I am Adil Arif, working as a Senior Technical Support Engineer at Rubrik as well as an independent blogger and founder of Enterprise Daddy. In my current role, I am supporting infrastructure related to Windows and VMware datacenters.

11 Comments

  1. Thanks a lot for this!
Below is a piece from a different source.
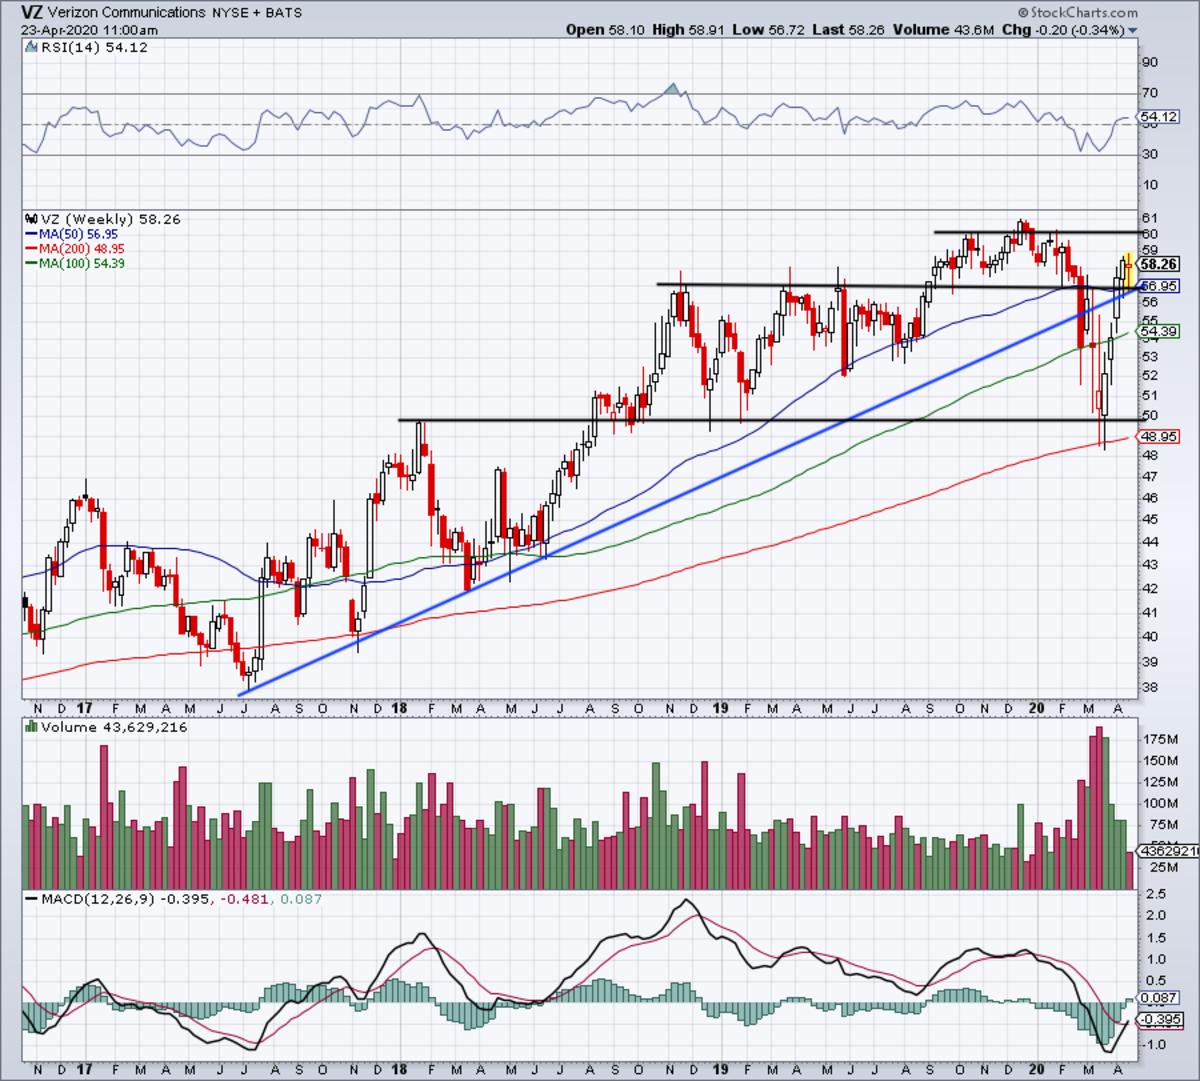 Weekly chart of Verizon stock.
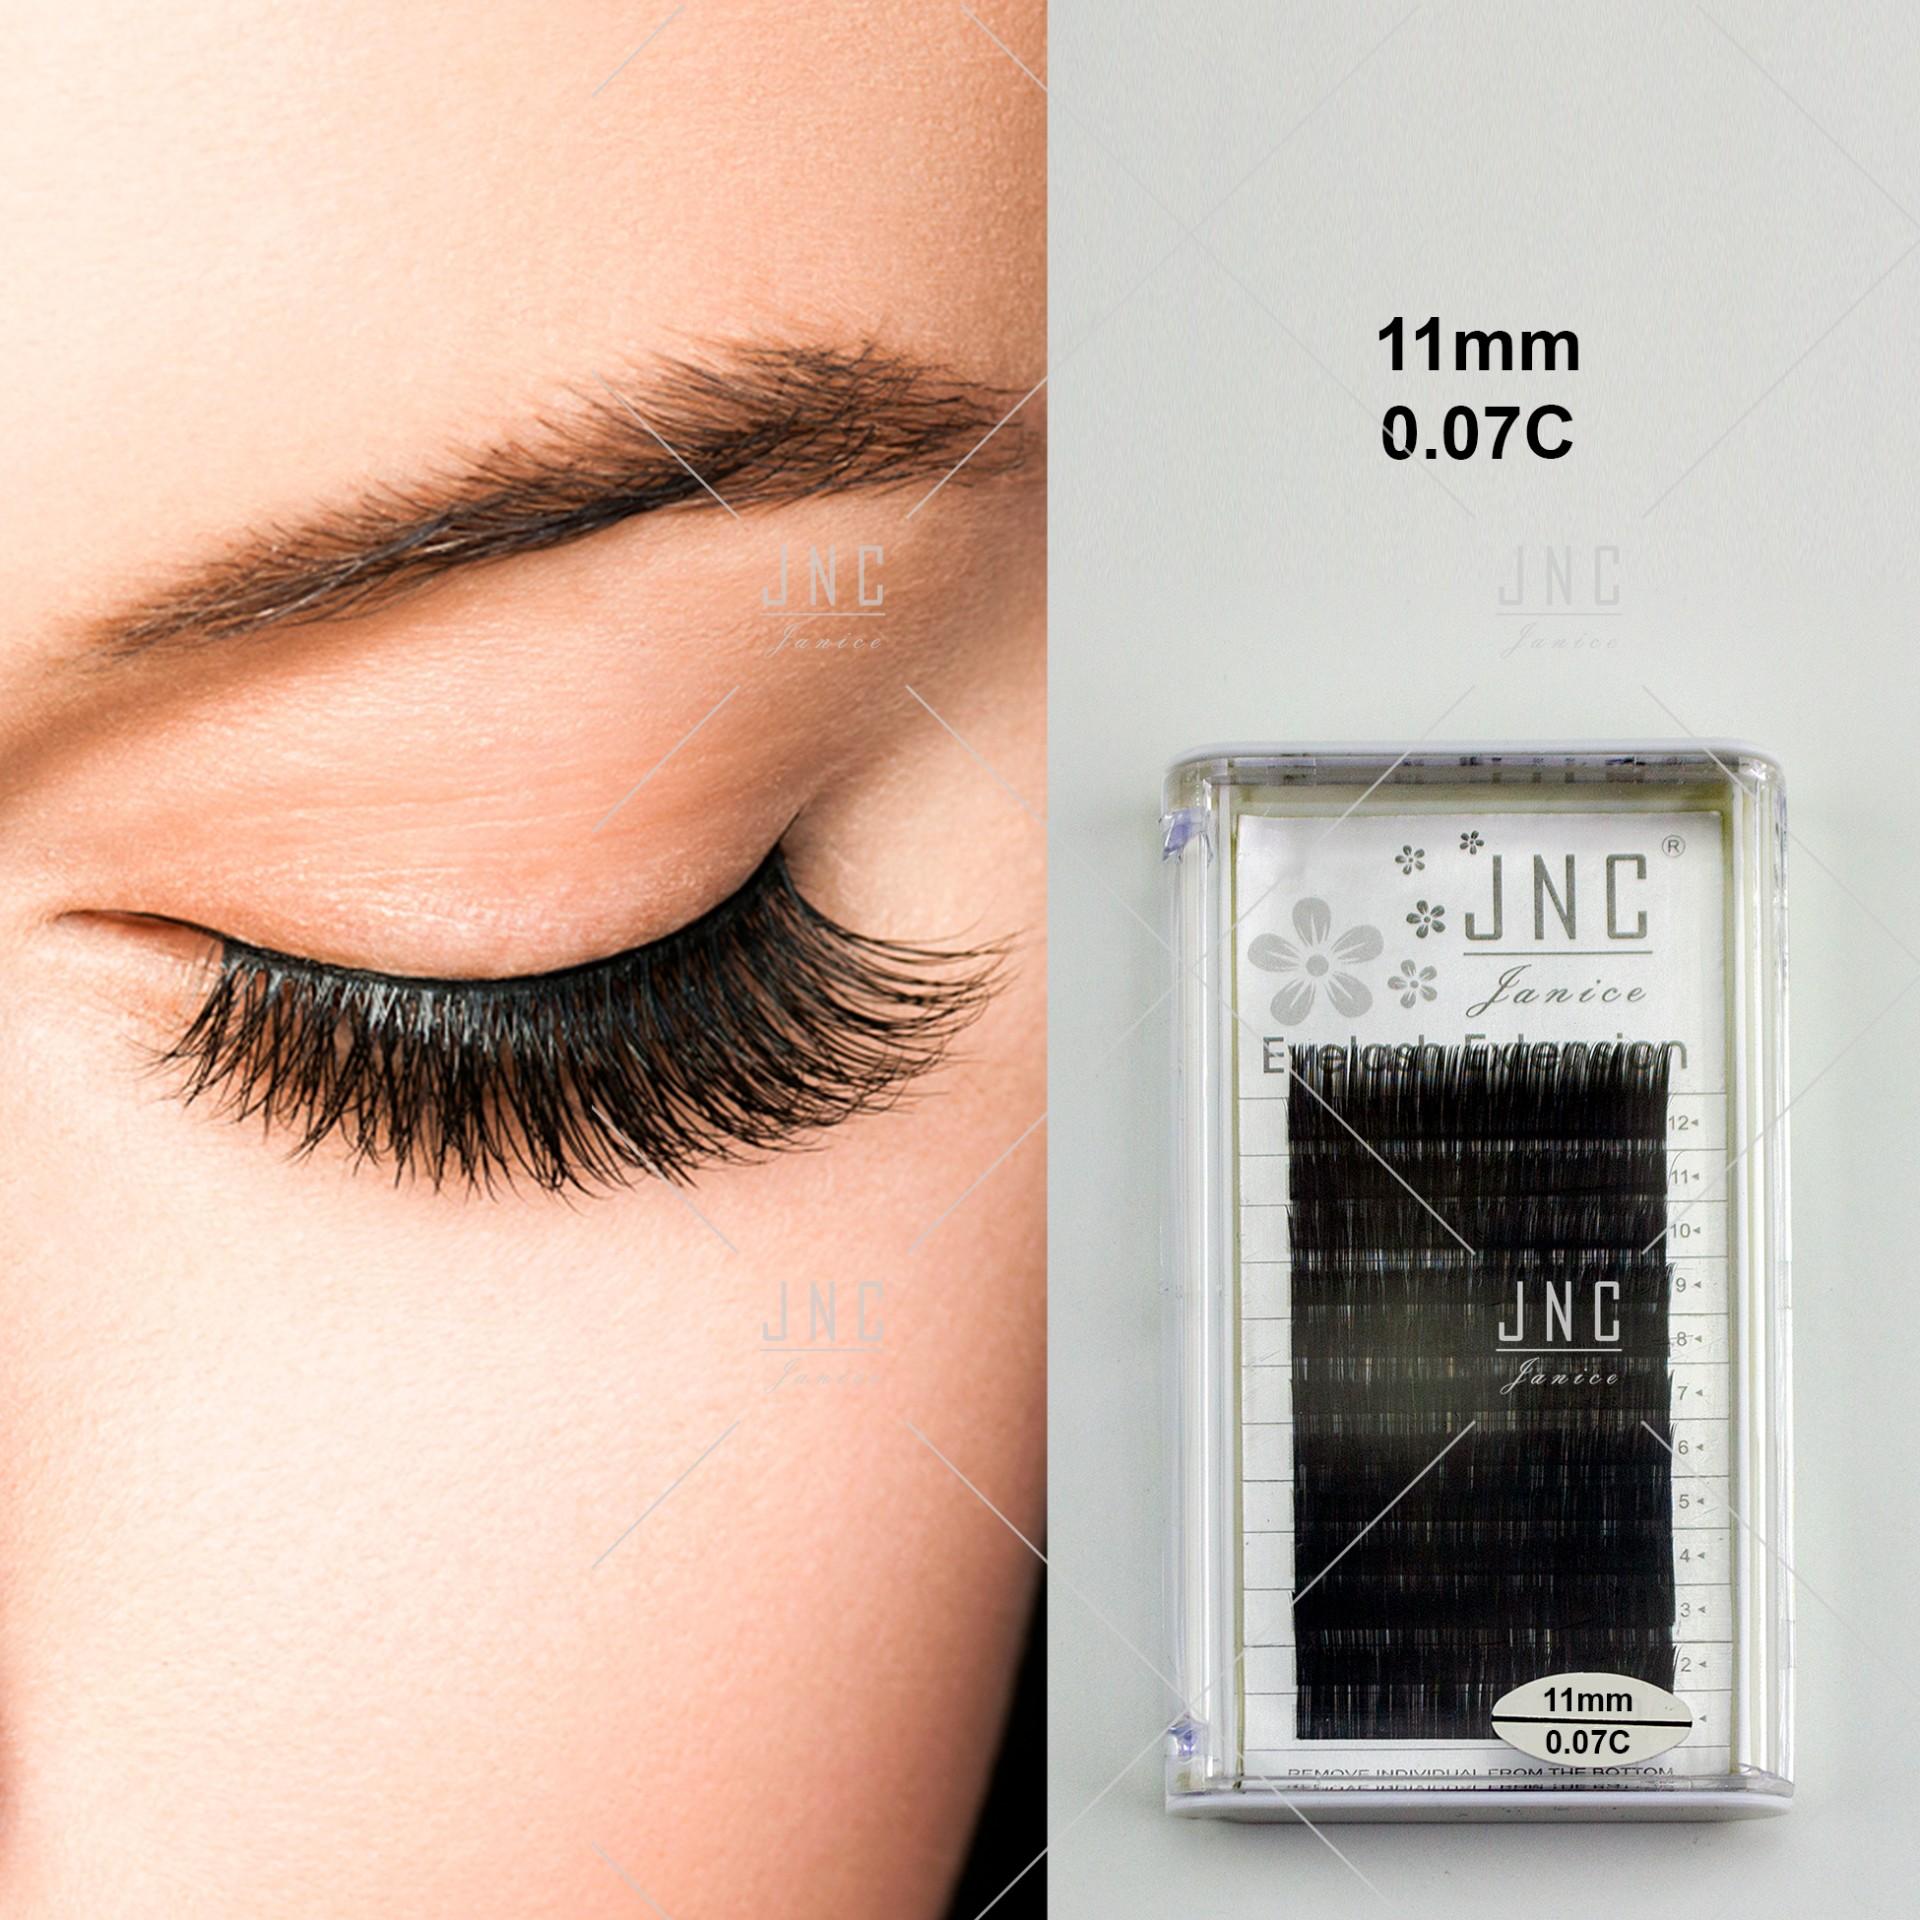 Extensão de Pestanas JNC   0.07C - 11mm   Ref.861265

I’ve been trying to also add on which host the virtual machine resides but to no avail ( I have a cluster setup). would it be possible to help out please?

  2. Hello Adil,

    Thanks for great script.
    Mean while could you please help where I can add “$_.Parent.VMHost.Name” Is it possible you to give the script with adding this .

    • Hello Govind,
      The updated script would be as below.
      Get-VM | Get-HardDisk | Where-Object {$_.DiskType -like “Raw*”} | Select @{N=”VMName”;E={$_.Parent}},@{N=”ESXi Host”;E={$_.Parent.VMHost.Name}},Name,DiskType,@{N=”LUN_ID”;E={$_.ScsiCanonicalName}},@{N=”VML_ID”;E={$_.DeviceName}},Filename,CapacityGB | Export-Csv C:\Users\Adil\Desktop\RDM-list.csv -NoTypeInformation

  3. Hi Adil,

    thanks for that great post.

    I try to display additional the LUN-Number (not the LUN-ID). But i can´t find the correct parameter.
    Is this possible?
    Thanks.

  4. I wish to learn the VMware PowerCLI. Do we have any link or article where I can refer and start learning from basics. Please help me.